A parent’s biggest dream is to ensure his child is educated and prepared to face the world, armed with knowledge and the head start a good education provides. Unfortunately, the very institutions that a parent turns to might be the reason these young people start out already in a financial hole and with debt they nor their parents could have ever anticipated.
This, according to a report released on Wednesday by Public Interest Research Higher Education Fund. Rich Williams, a spokesperson for the group said,
Bank middlemen are making out like bandits using campus cards to siphon off millions of student aid dollars.
It’s believed as many as 900 American colleges are doing their part to “push students into using payment methods that carry hefty fees and other costs”. The report also said both colleges and banks are raking in millions of dollars in fees – and worse, this could be happening illegally. The report, not yet released to the public, has been received and evaluated by the Associated Press.
The report also stated two out of every five college student in the United States attends a school that has a deal with any number of financial companies. That’s more than 9 million students. And the vast majority of these students are likely going to find themselves believing there are few options or alternatives to what’s being offered them and their families. Many of these students could realistically be paying down their student loan debt for many years.
No Longer Fee Free
Many parents who received student aid during their own college days likely recall the absence of additional fees – straightforward and with no hidden traps. That’s no longer the case, though. Now, student aid has its own fee structures – along with the traditional costs associated with applying for and receiving that same financial aid.
One of the biggest costs associated with these new “fees” is the third party companies that actually print and mail traditional paper checks. This has traditionally been completed by the colleges; now, though, third party companies have lifted that burden off the facilities’ shoulders. It’s the customer who pays to have is check mailed to him.
It’s no longer America’s well-kept secret that student loans now total more than credit card debt in this country. In fact, total student debt far surpassed the $1 trillion mark awhile ago. Usually, college students and their families use two sources of funding college: student loans and credit cards.

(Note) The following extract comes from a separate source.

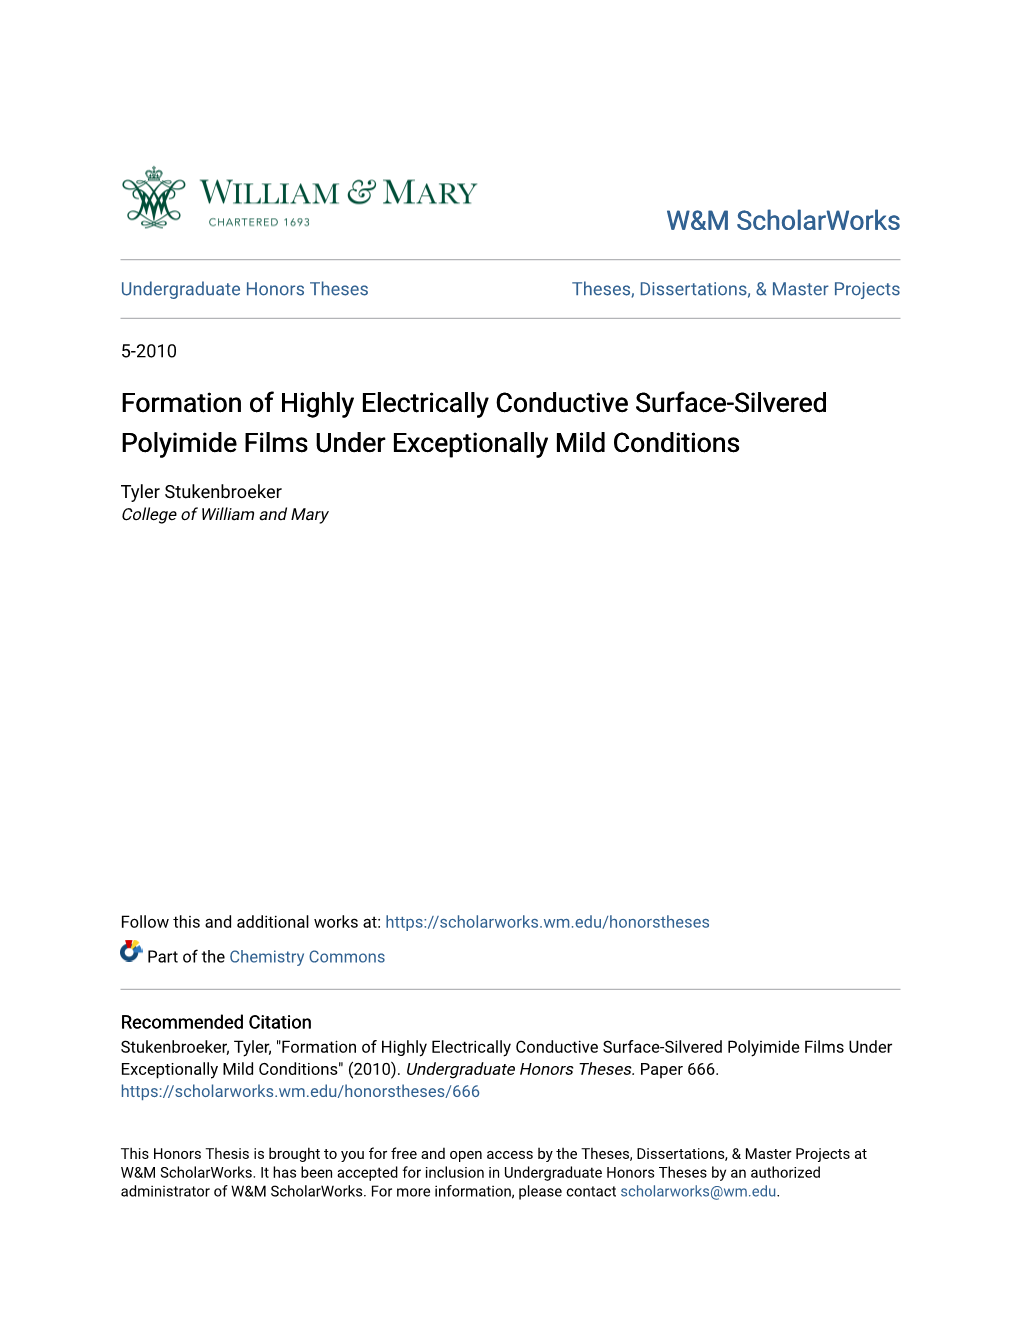 Formation of Highly Electrically Conductive Surface-Silvered Polyimide Films Under Exceptionally Mild Conditions

Because student loans don’t cover things like “recoding fees”, students are turning to credit cards to offset these confusing fees. Some colleges even have fees students must pay if they don’t turn in all of the necessary paperwork the first time. Even the Department of Education has stepped in and determined many fees are not biding or not allowed.
Some of these companies are claiming students and their families should have more closely read the terms and conditions associated with any financial paperwork. It’s overwhelming for many though simply because they had no idea how complex the process had become in recent years.
The study also revealed students can have their student aid or loan proceeds direct deposited into their bank accounts; however, there are significant amounts of money spent on marketing designed to sway students to take another route: specifically, the company’s own branded debit card.
And, of course there are fees associated with using those cards. These offers differ from one campus to another as do their products. Some include checking accounts with high fees and few protective mechanisms in place while other companies opt for something else.
Ohio State University
Ohio State, according to analysts, will receive a staggering $25 million in fees over fifteen years. Other colleges have different deals. Florida colleges receive a percentage of ATM fees. If you’re wondering how to locate the agreements or paperwork, don’t bother. These schools do not want to release the contractual details.
Of course, the 2009 CARD Act plays a role. New rules prohibit credit card companies from issuing credit cards to students who have no way to repay the money. Not only that, but banks are no longer allowed to compete with the government’s student aid programs. Clearly, banks must now scramble to offset the losses of these types of loans. Even though they’re making big money in these dynamics, they’re having to revamp their methods of entry. Can’t collect profits by directly dealing with students, then simply go through the back door with the colleges and third parties.
This was not the spirit in which these new laws were created. The goal was to better protect college students, not add further burdens. Instead, it’s done exactly what the CARD Act had sought to eliminate; the difference is it’s much worse now than it was before new regulations kicked in.